Hoewel de beslissing van 5 januari 2024 als daarop onvoldoende gemotiveerd zou kunnen worden aangemerkt, ziet de beroepscommissie daarin onvoldoende aanleiding om het beroep gegrond te verklaren. Gelet op de nadere informatie van verweerder ter zitting heeft FPK De Beuken de suggestie van verweerder voor intercollegiaal overleg met Veldzicht overgenomen en heeft dat overleg ertoe geleid dat FPK De Beuken inmiddels wel mogelijkheid ziet voor diagnostiek en behandeling van klager, met inzet van een tolk Berbers, maar klager daaraan niet meewerkt vanuit zijn overtuiging dat hij zal worden overgeplaatst.

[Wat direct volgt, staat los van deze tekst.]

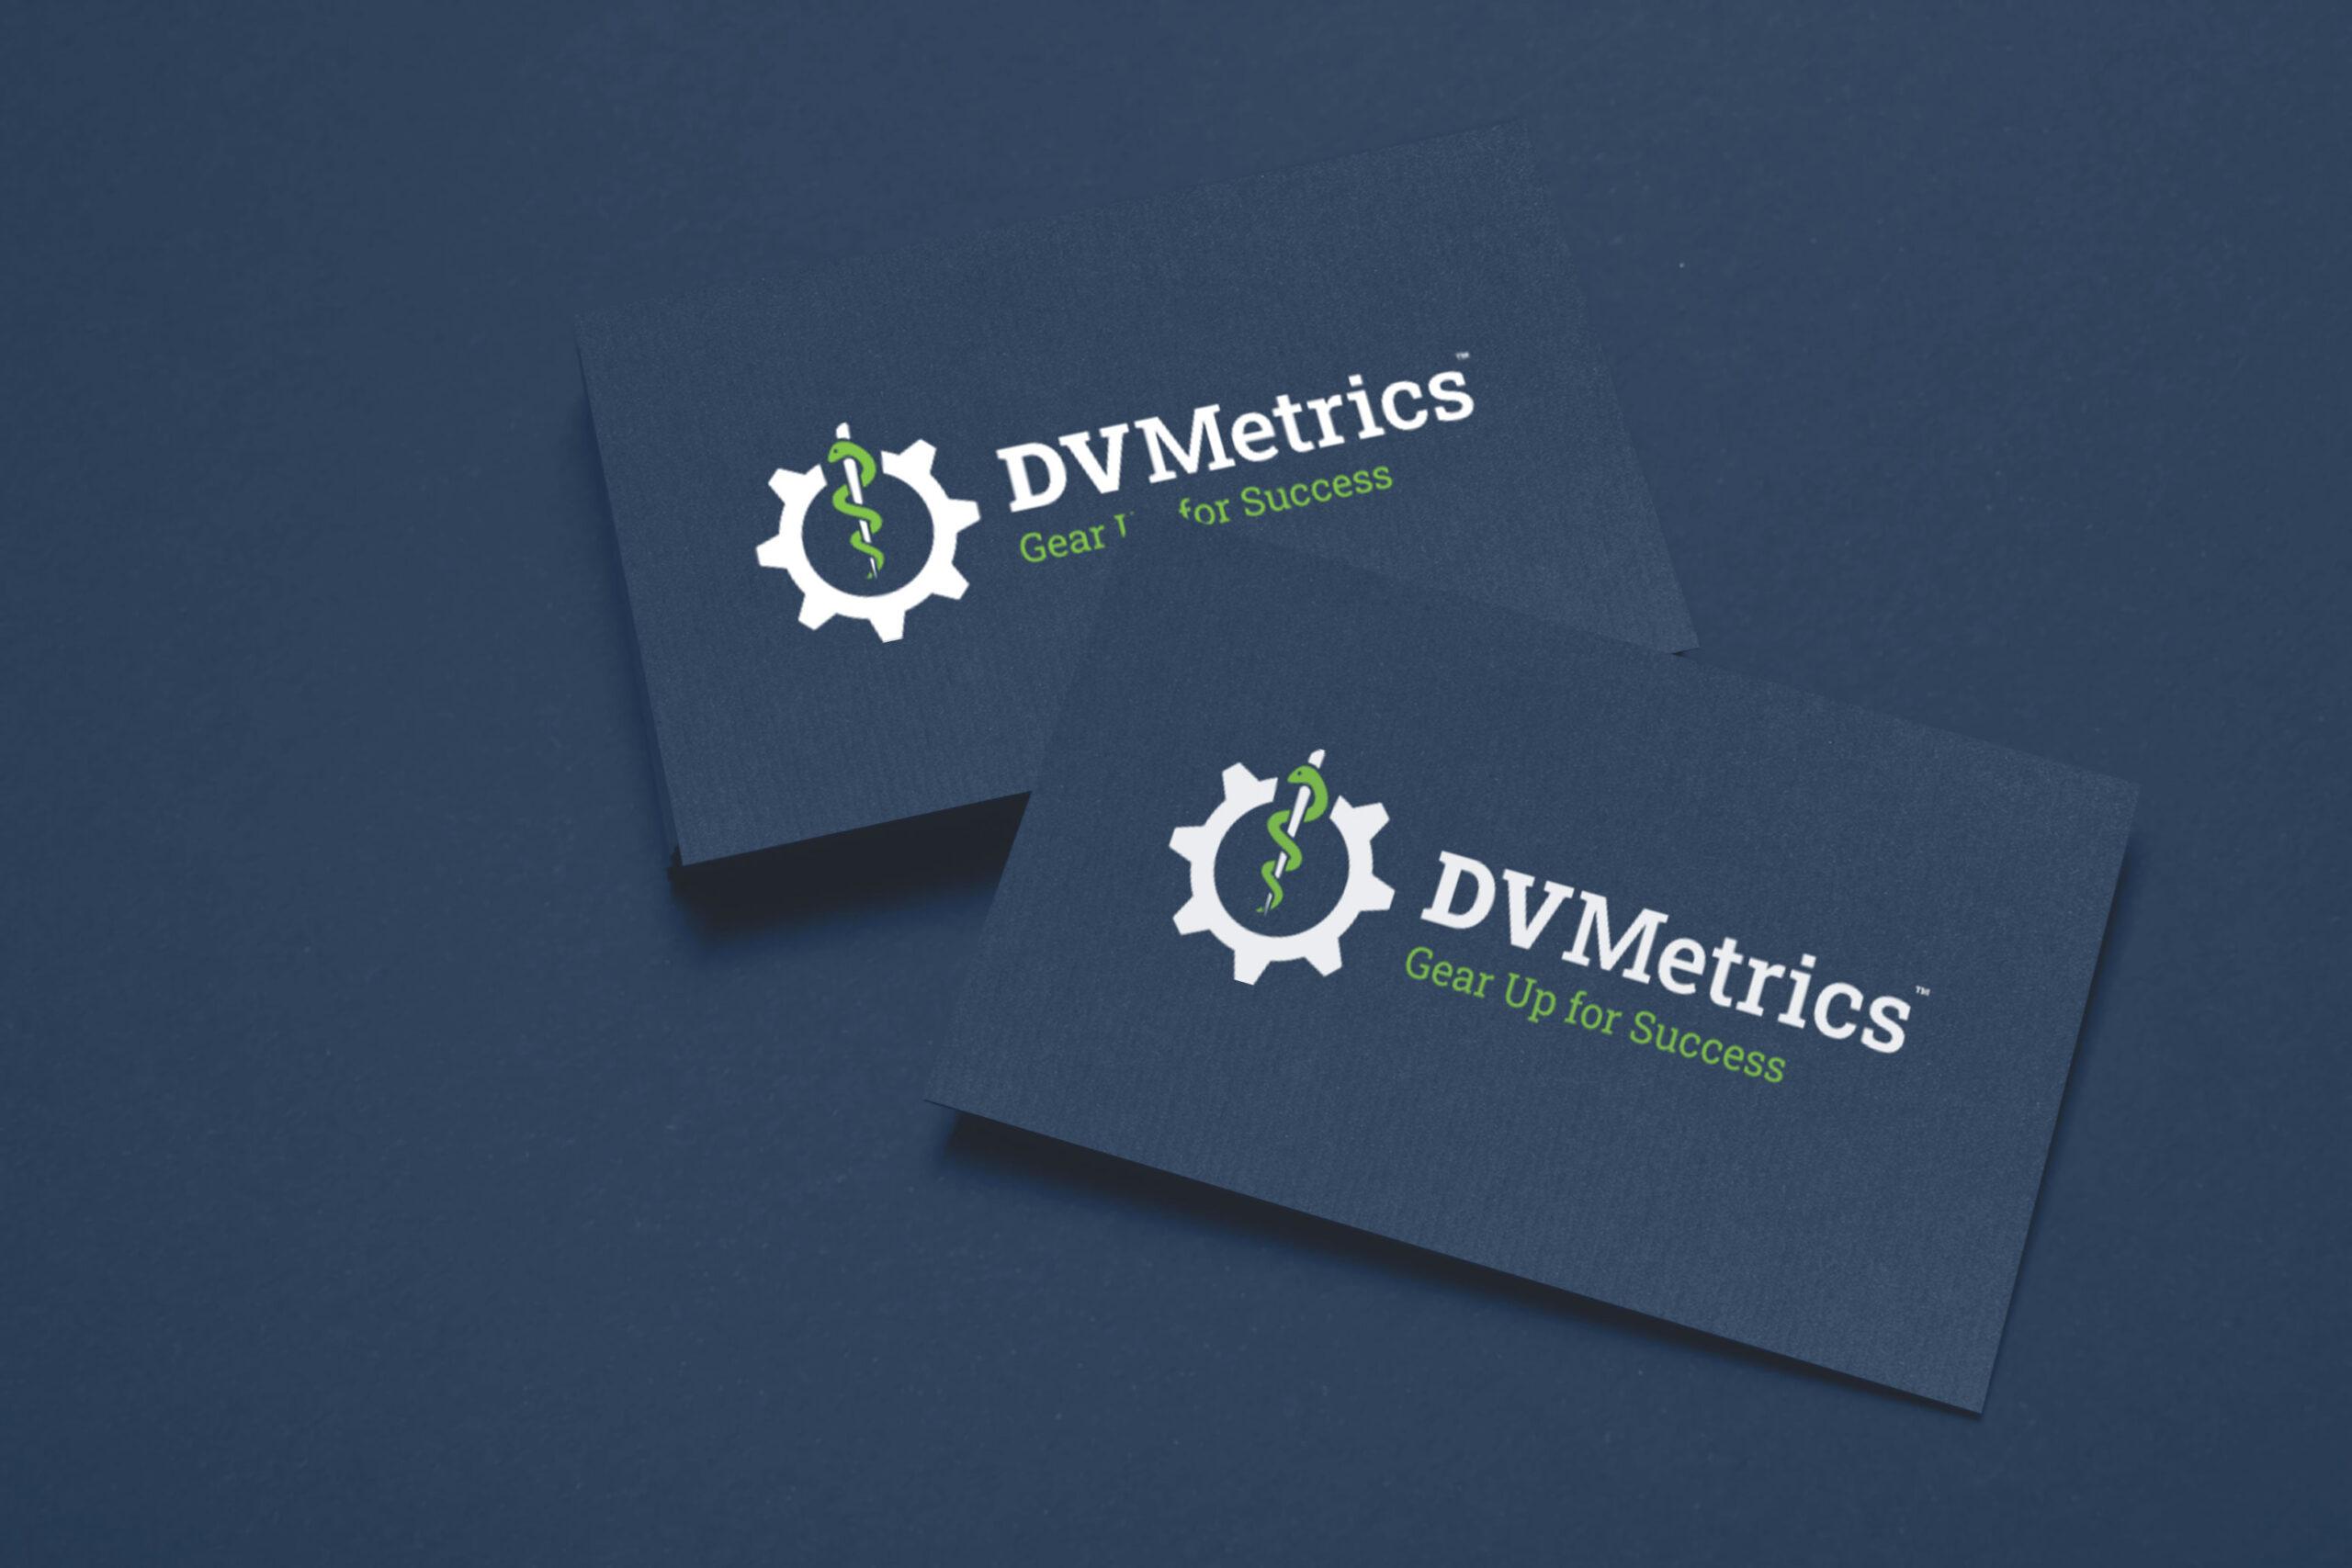 DVMetrics Business Cards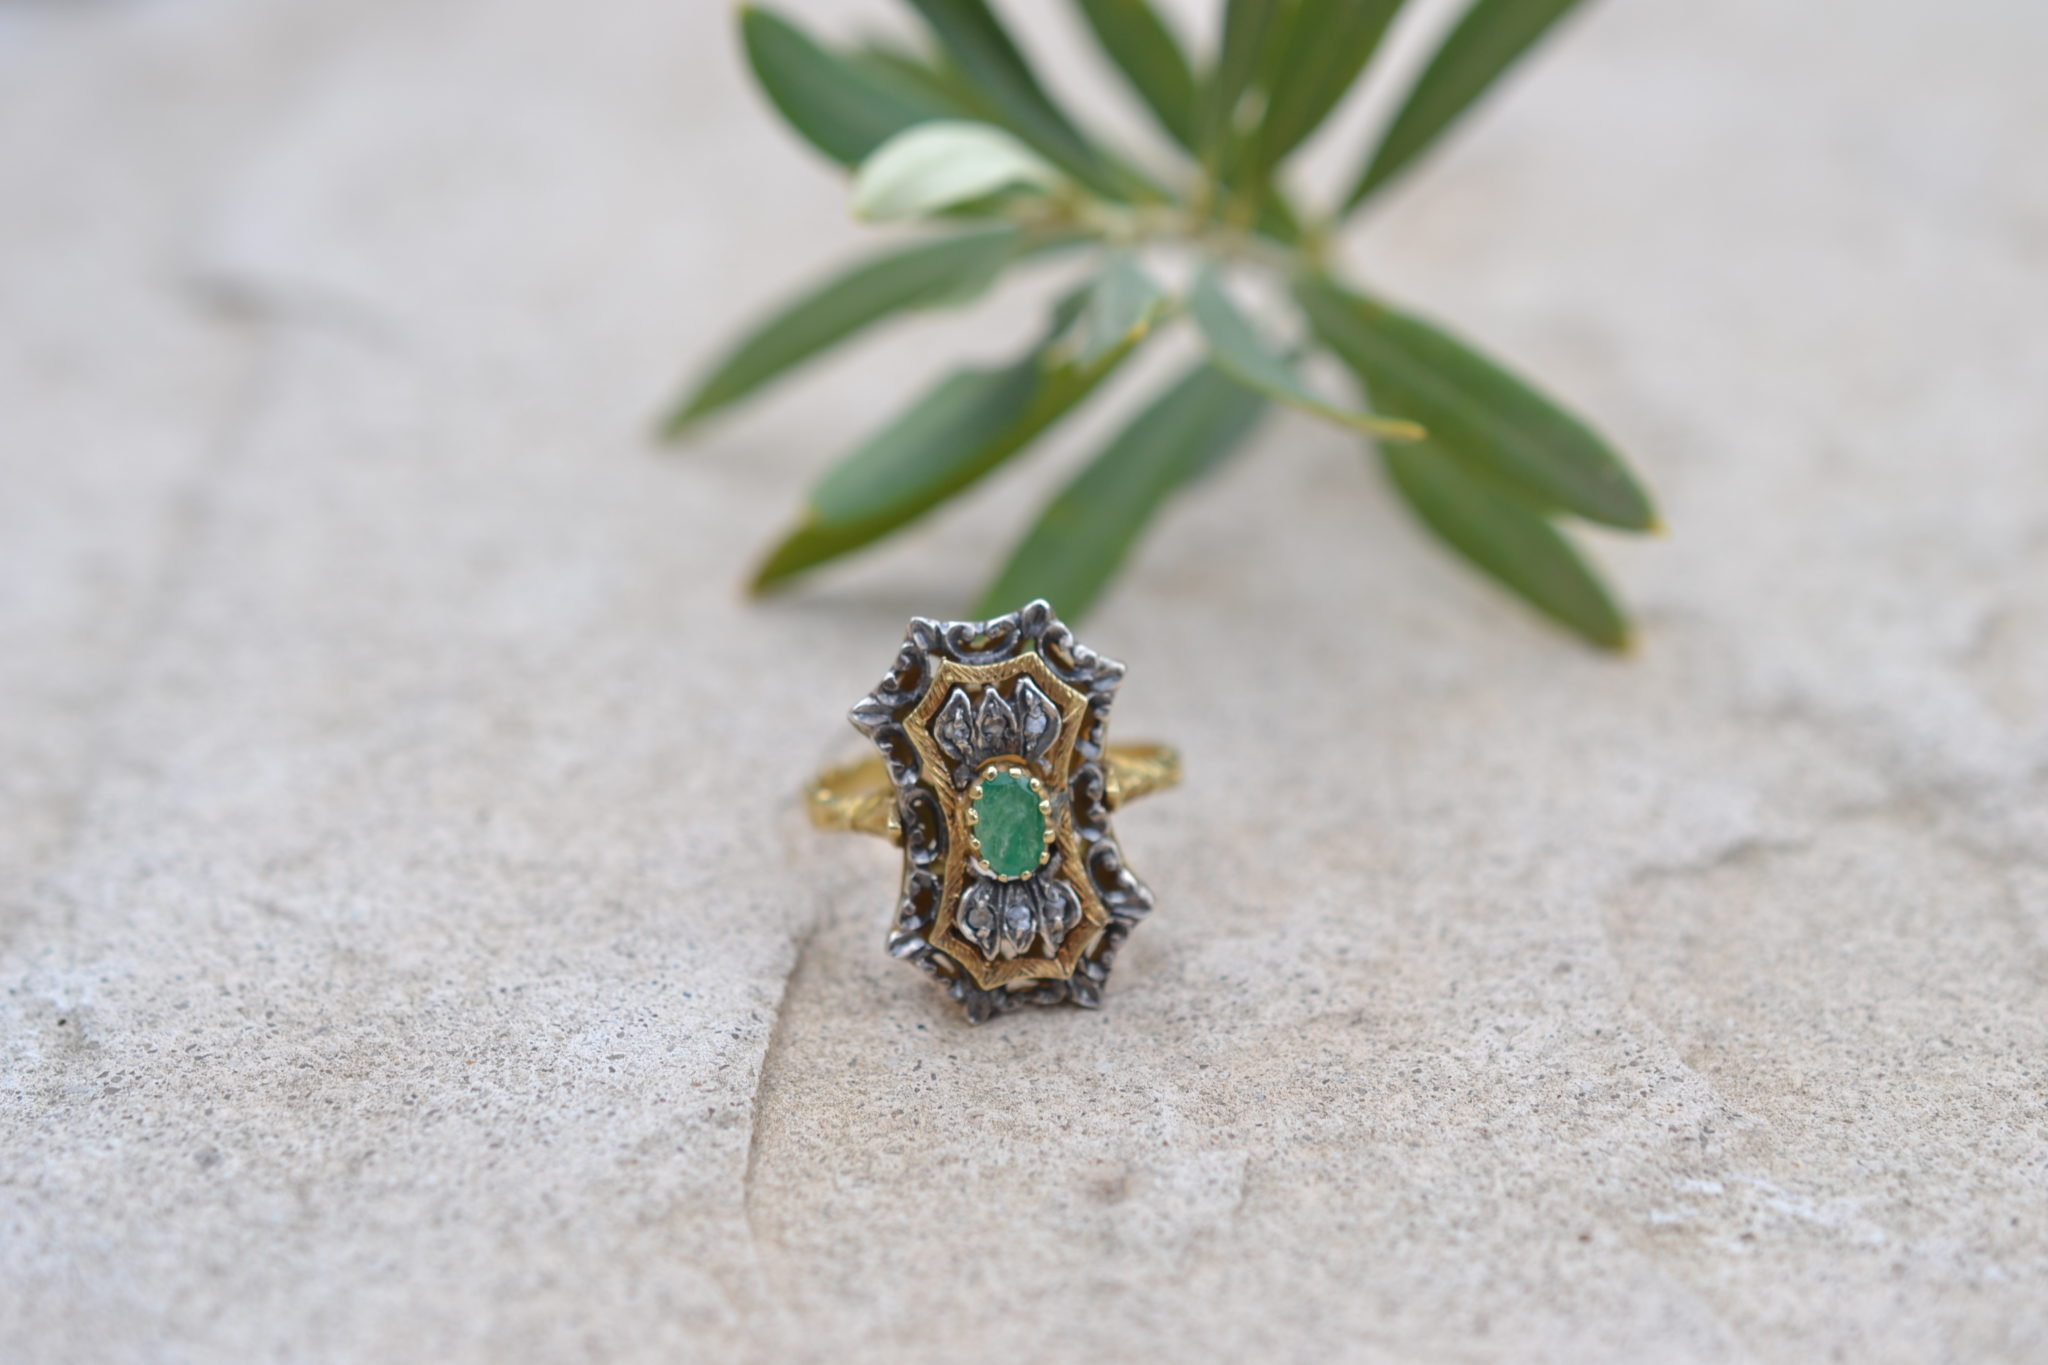 bague ancienne emeraude et diamants - en Or jaune 18 carats - bijoux inde

Gelet hierop is het niet in klagers belang om hem in het huidige stadium van zijn behandeling over te plaatsen naar een andere instelling, waarvoor op dit moment alleen FPK De Woenselse Poort in aanmerking zou komen, nog afgezien van de lange wachttijd die daarmee gemoeid zou zijn.
Klager vindt het belangrijk om dichterbij zijn familie/netwerk te worden geplaatst. Hoe begrijpelijk dit ook is, weegt het belang van behandeling in de juiste instelling zwaarder dan klagers voorkeur voor een andere instelling. Het is daarbij aan de instelling om te bepalen in hoeverre het in het kader van klagers behandeling van belang is dat en op welke wijze zijn familie/netwerk daarbij wordt betrokken. De wijze waarop invulling wordt gegeven aan een tbs-behandeling staat overigens niet ter beoordeling van de beroepscommissie. Van strijd van artikel 8 van het EVRM is de beroepscommissie dan ook niet gebleken.
De reisafstand voor klagers raadsman is onvoldoende zwaarwegend om tot een ander oordeel te kunnen komen en maakt op zichzelf ook niet dat sprake zou zijn van strijd met het recht op een eerlijk proces.
De beroepscommissie is niet bevoegd om te oordelen over de mate waarin klager al dan niet zijn geloof in FPK De Beuken zou kunnen belijden. Eventuele klachten daarover kan klager (middels een klaagschrift) indienen bij de klachtencommissie bij FPK De Beuken.
Gelet op het voorgaande en bij afweging van alle in aanmerking komende belangen, kan de bestreden beslissing niet als onredelijk of onbillijk worden aangemerkt. De beroepscommissie zal het beroep daarom ongegrond verklaren.
4. De uitspraak
De beroepscommissie verklaart het beroep ongegrond.
Deze uitspraak is op 24 december 2024 gedaan door de beroepscommissie, bestaande uit mr. M.J.A.G. van Baal, voorzitter, mr. D. van der Sluis en dr. S.L. van Woerden, leden, bijgestaan door mr. E.W. Bevaart, secretaris.